“We are what we repeatedly do. Excellence, then, is not an act, but a habit.” ~ Aristotle
I am going to let you in on a secret. Writing content for this blog is stressing me out.
Each time I think about sitting down to write, I seem to find every excuse not to open up my word processor and just start.
“My idea is not creative enough.”
“Will that topic even be interesting to anyone?”
“How do I even construct the first paragraph? If it isn’t really compelling, no one is going to read on.”
Yup, lots of negative self-talk goes on in my head.
And then it hit me. Why do I expect myself to be a brilliant writer when I sit down to write once or twice a month?

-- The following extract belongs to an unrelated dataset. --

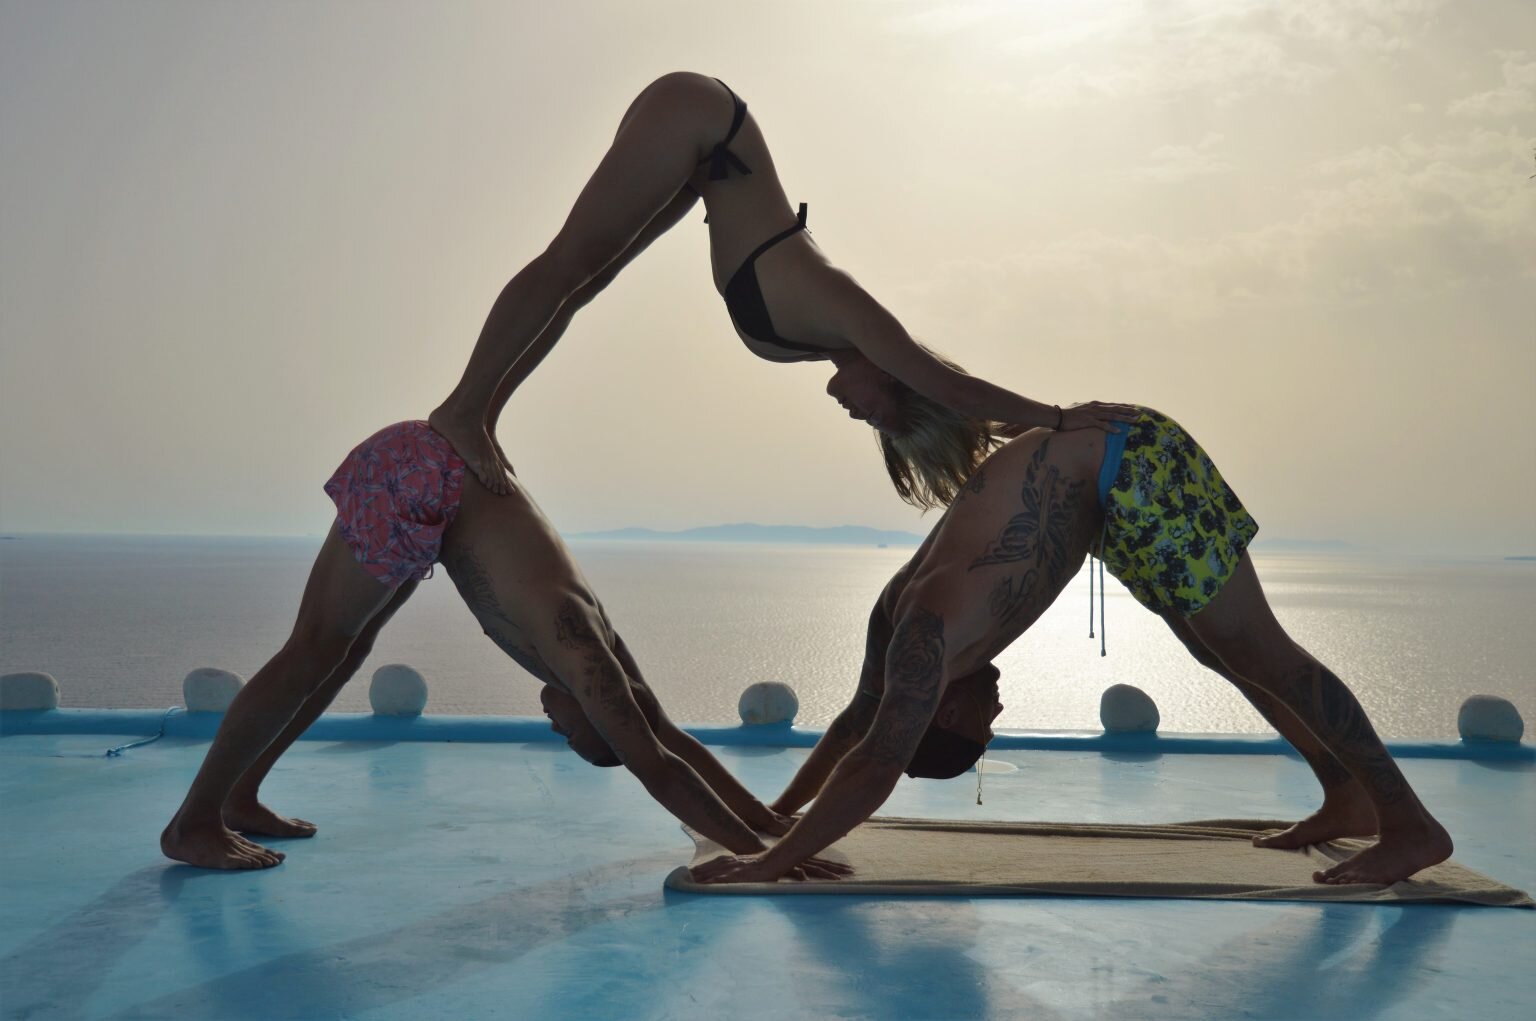 Three person acro yoga | Easy yoga poses, 3 person yoga poses, Yoga poses

In fact, BECAUSE I only sit down once or twice a month to write, I have unknowingly created the expectation that those writing sessions must result in perfect, publishable material. I haven’t left myself any room to play, to noodle, to experiment.

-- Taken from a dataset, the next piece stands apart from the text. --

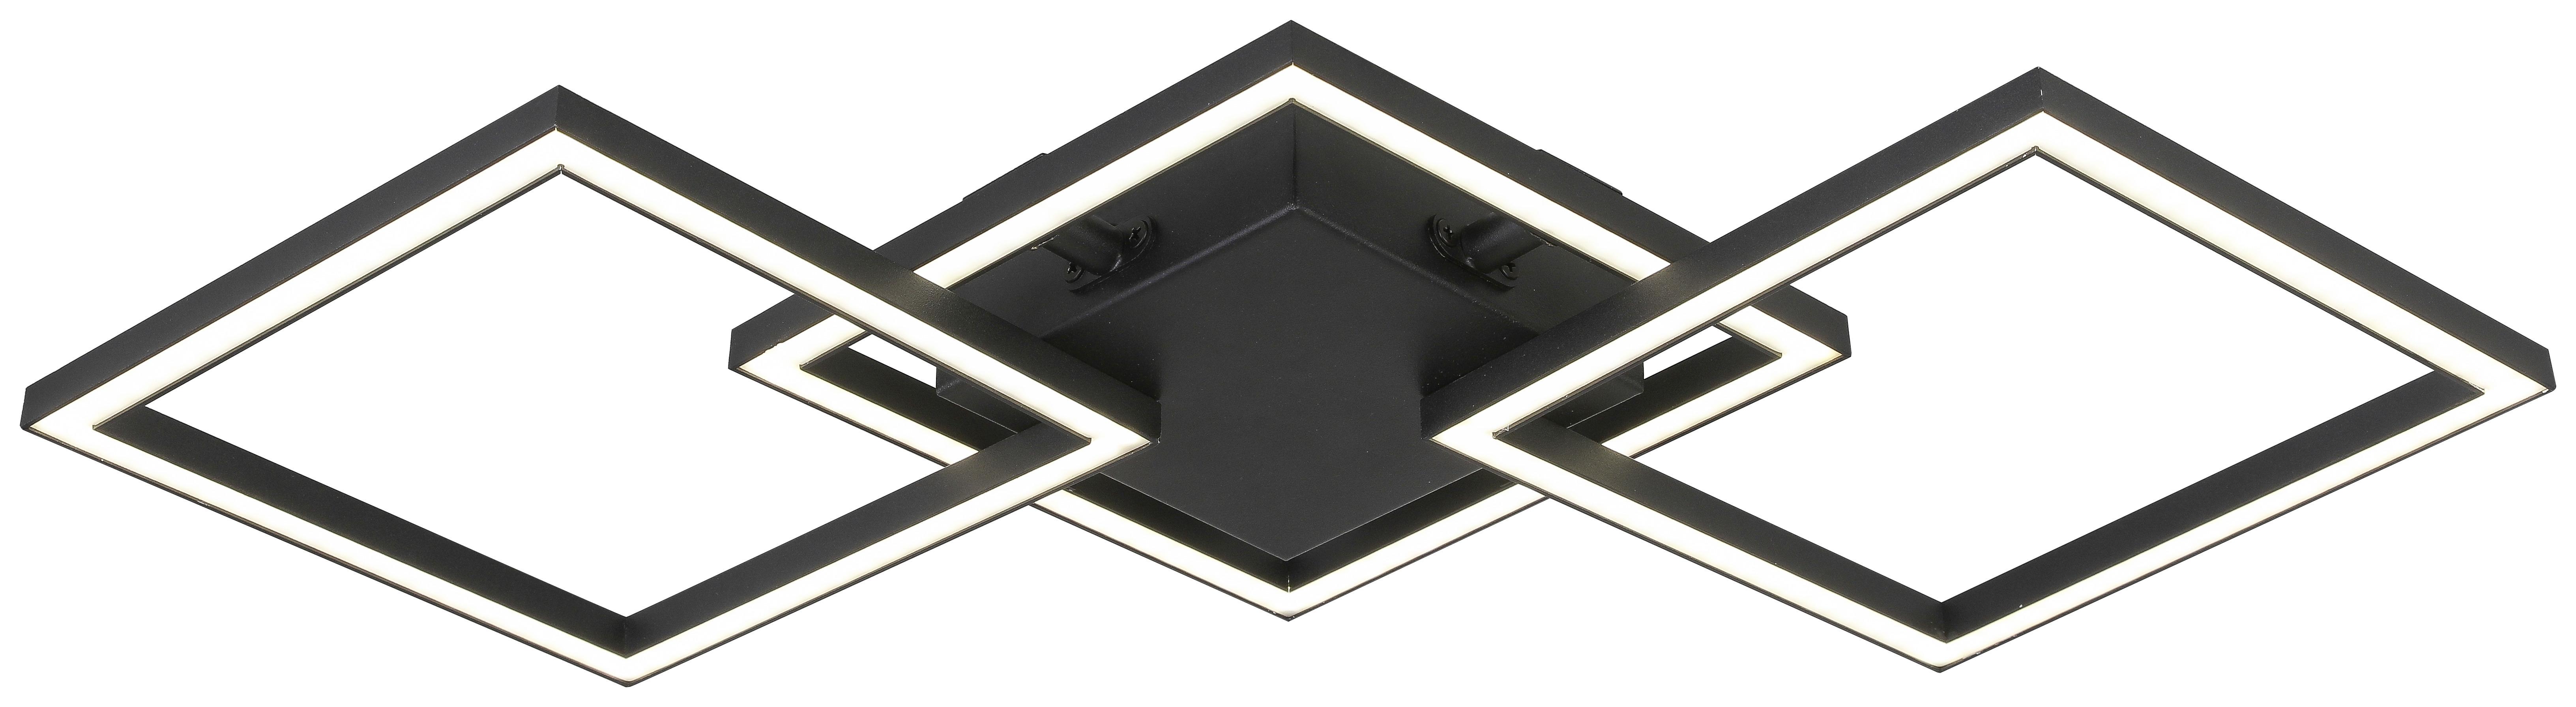 LED-Deckenleuchte Janne L: 63 cm, 1-Flammig - Schwarz, MODERN, Kunststoff/Metall (63cm) - Luca Bessoni

And then when the day is done and I haven’t produced the high quality content I was hoping for, I brand myself a bad writer, an uncreative person, someone just not cut out for this whole blogging thing, making the process of sitting down the next time so much harder.

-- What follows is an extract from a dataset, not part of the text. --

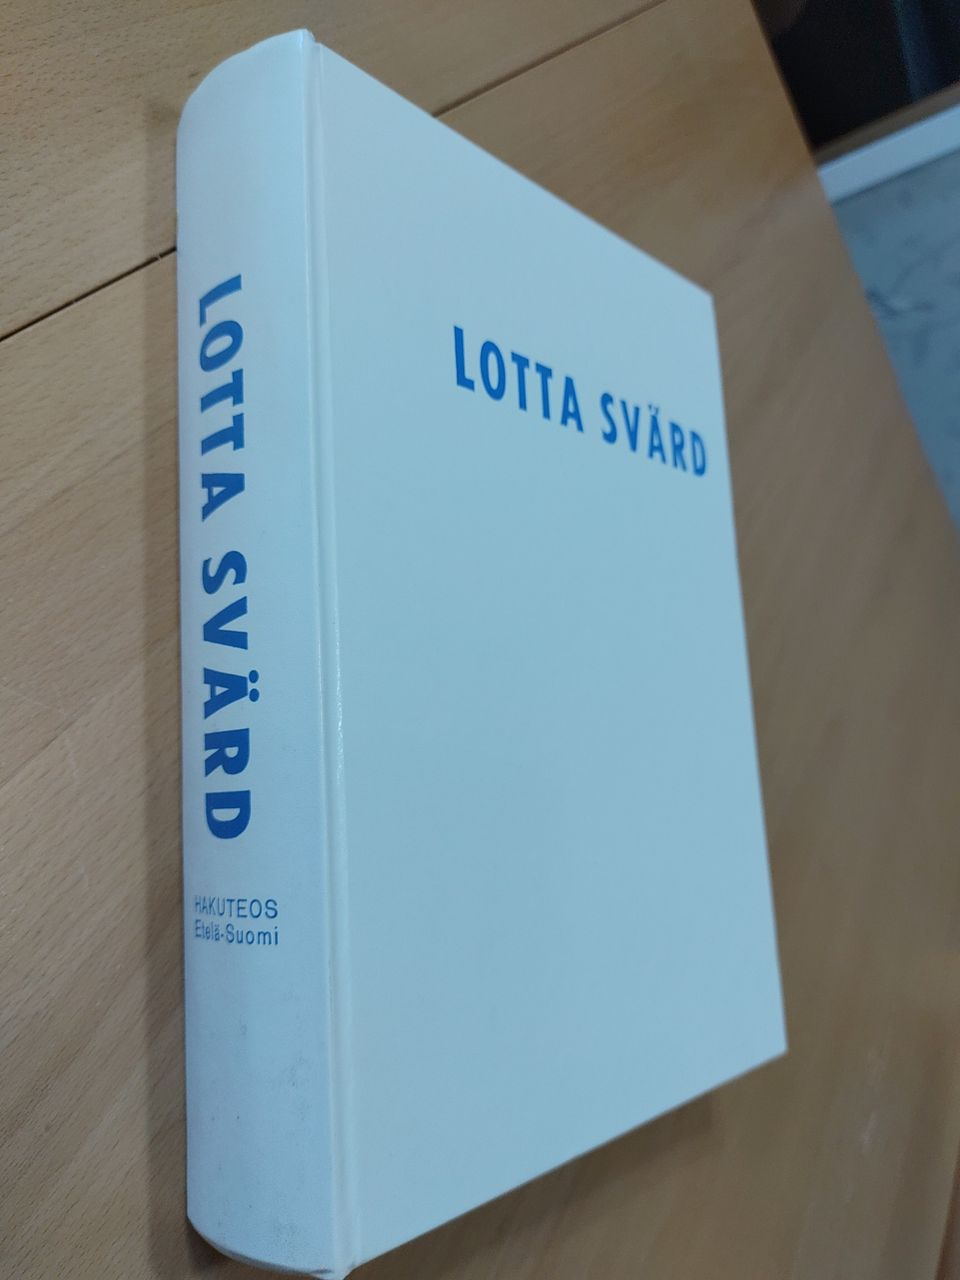 Lotta Svärd hakuteos v. 1973 Etelä-Suomi

And so the cycle continues.
This is the very same cycle I see in others when it comes to cooking.
People tell me how they would really like to be more proficient in the kitchen, but every time they try to do something it backfires. They burn the food. They produce something bland and tasteless. They set fire to something in the microwave.
After these less than perfect outcomes occur, they berate themselves.
“See, I told you I am a lousy cook!”
“I am really just not cut out for this whole cooking thing.”
“Why can other people make this look so effortless and I can’t even do the most basic things in the kitchen?”
And the next time they think about cooking, they order out.
Becoming proficient in the kitchen is no different than becoming proficient at the keyboard.
Frequency creates mastery. Frequency creates creativity. Frequency creates excellence.
Each time you make a recipe, you begin to feel more confident in your abilities. You begin to feel freer to experiment. You begin to rely less and less on someone else’s idea for what the dish should be and begin to formulate your own thoughts on the flavors and methods to produce it.
But to reach this state of confidence and creativity, you need to create consistently. You need to keep showing up and trying, each and every day.
You need to provide yourself with the safe space to play.